▸ **What to produce**
Please write out the whole listing that follows exactly; the pictures stay out.

▸ **Dataset content**
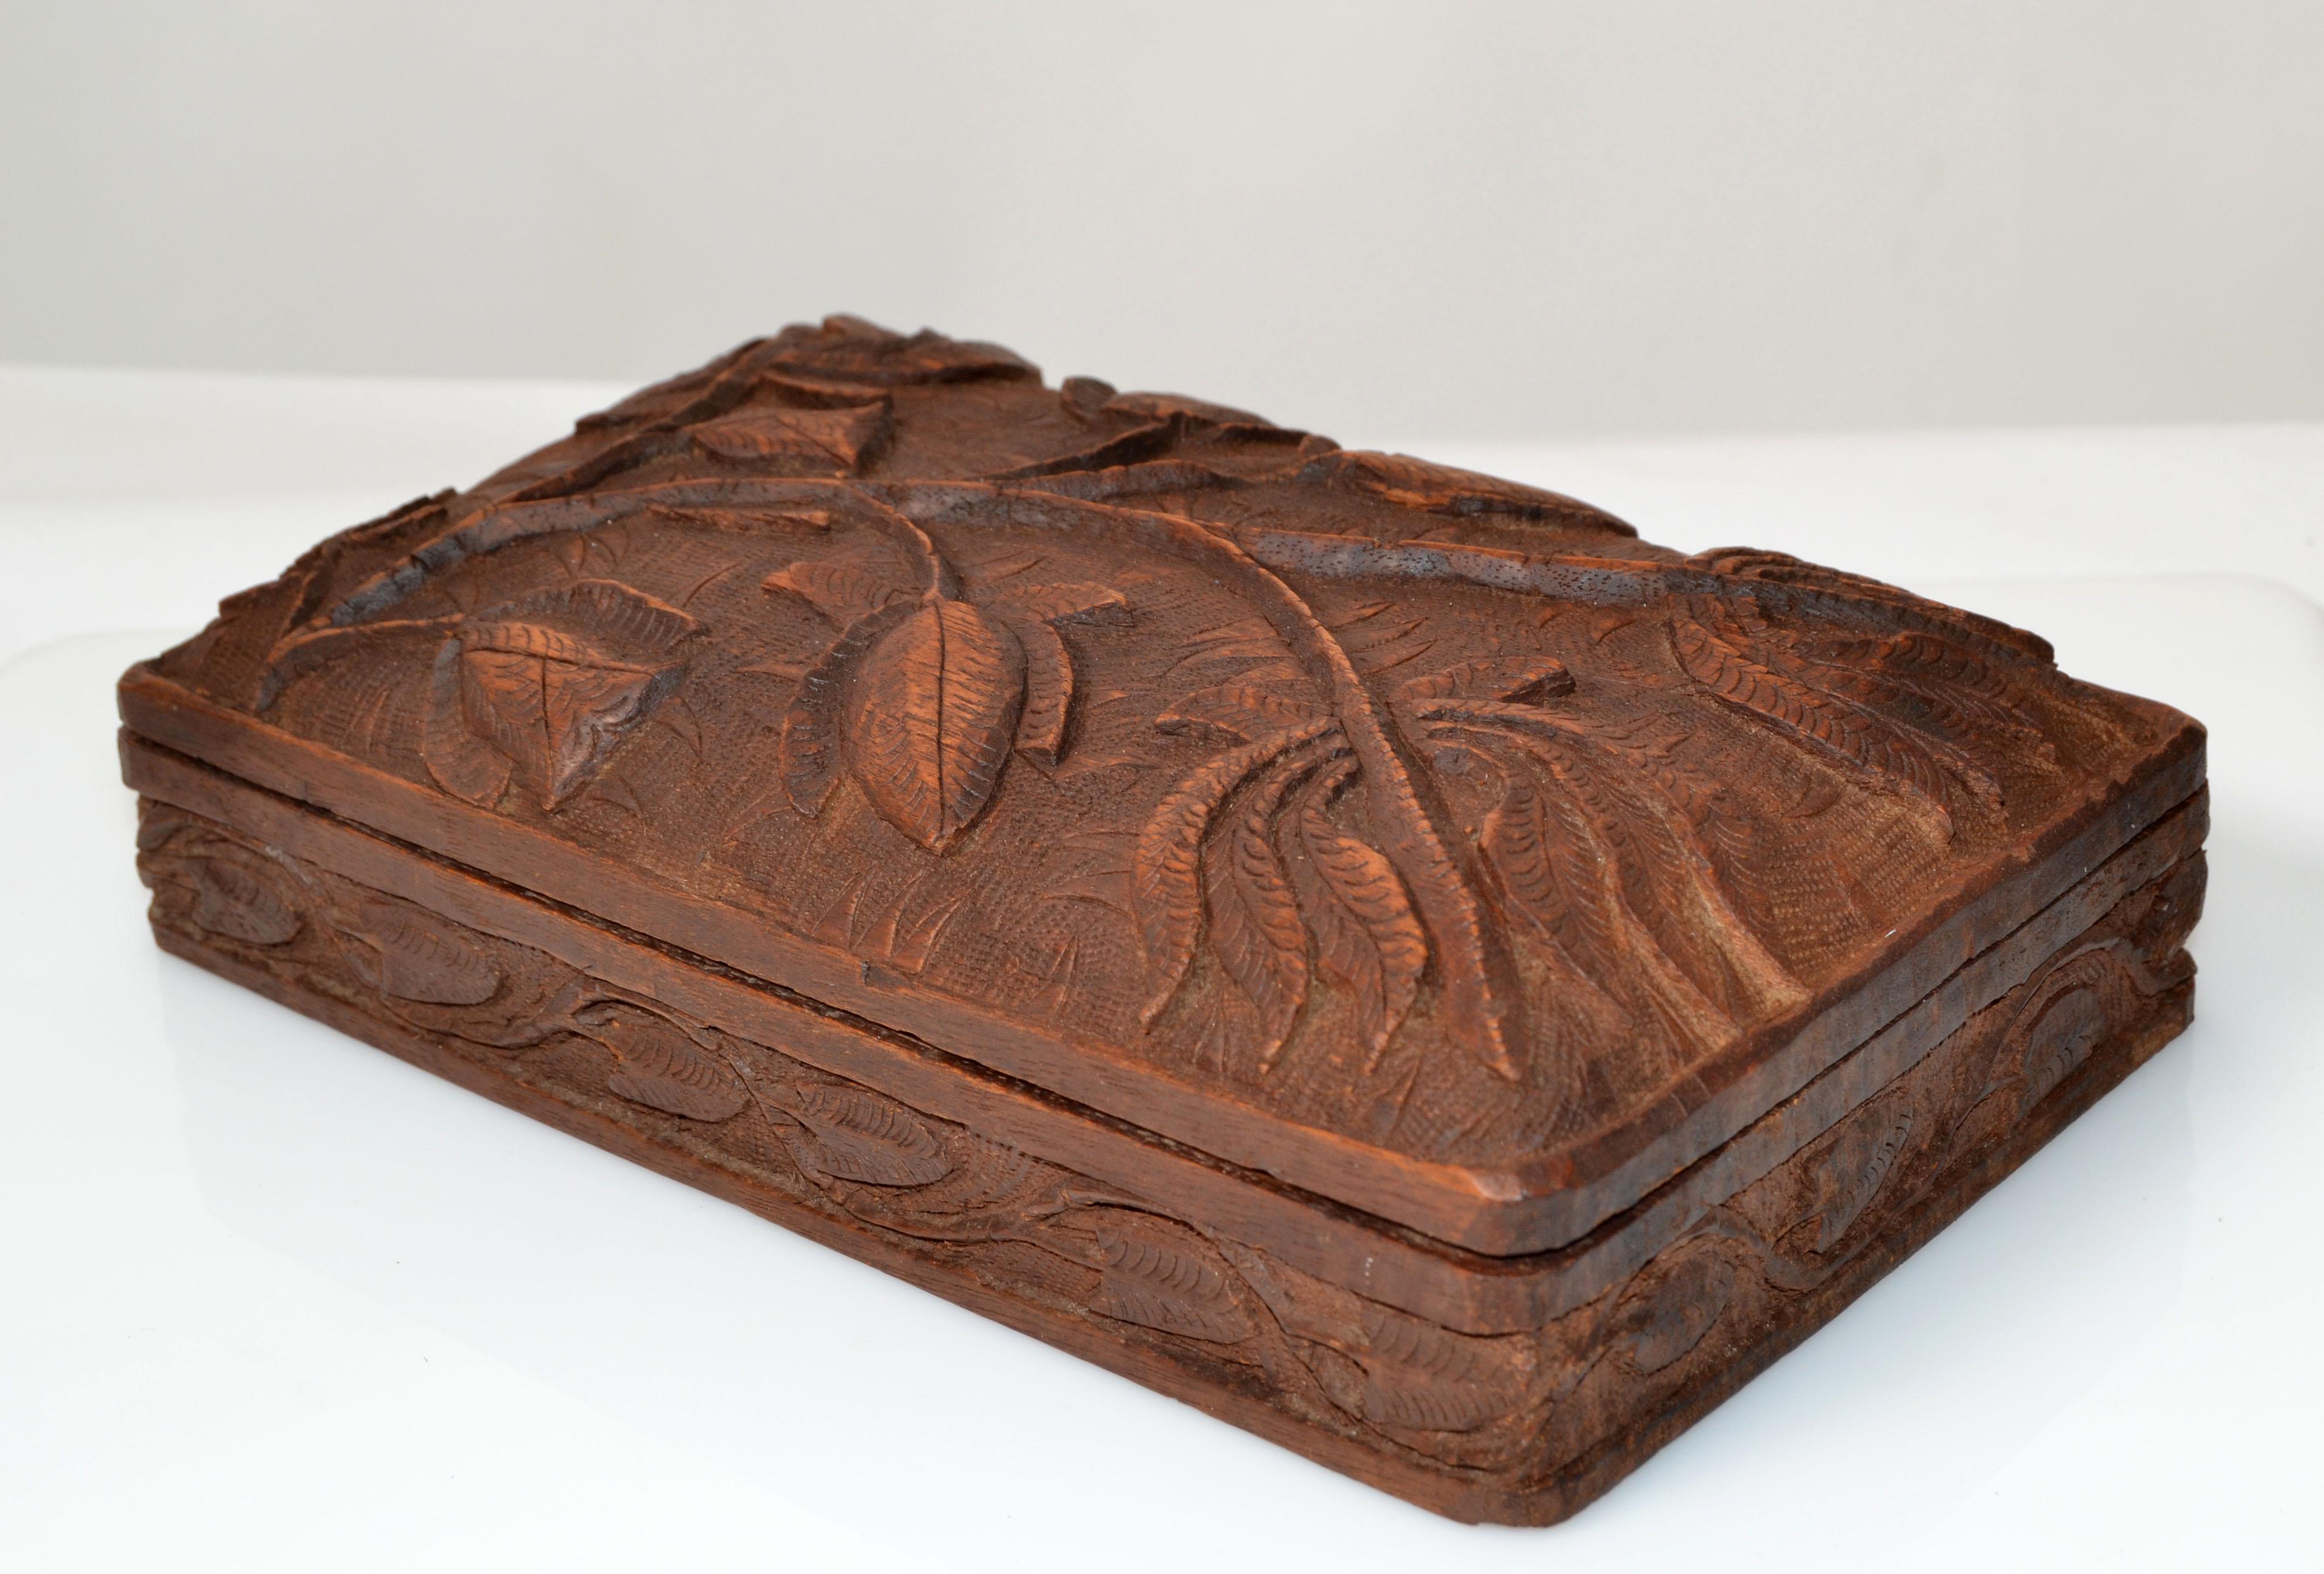 Vintage handmade beautifully carved wooden box, jewelry box or keepsake box.
The Inside has 2 compartments which measure 3.38 x 3.38 inches. 
No makers mark.
 

▸ **Written answer**
 Vintage handmade beautifully carved wooden box, jewelry box or keepsake box.
The Inside has 2 compartments which measure 3.38 x 3.38 inches. 
No makers mark.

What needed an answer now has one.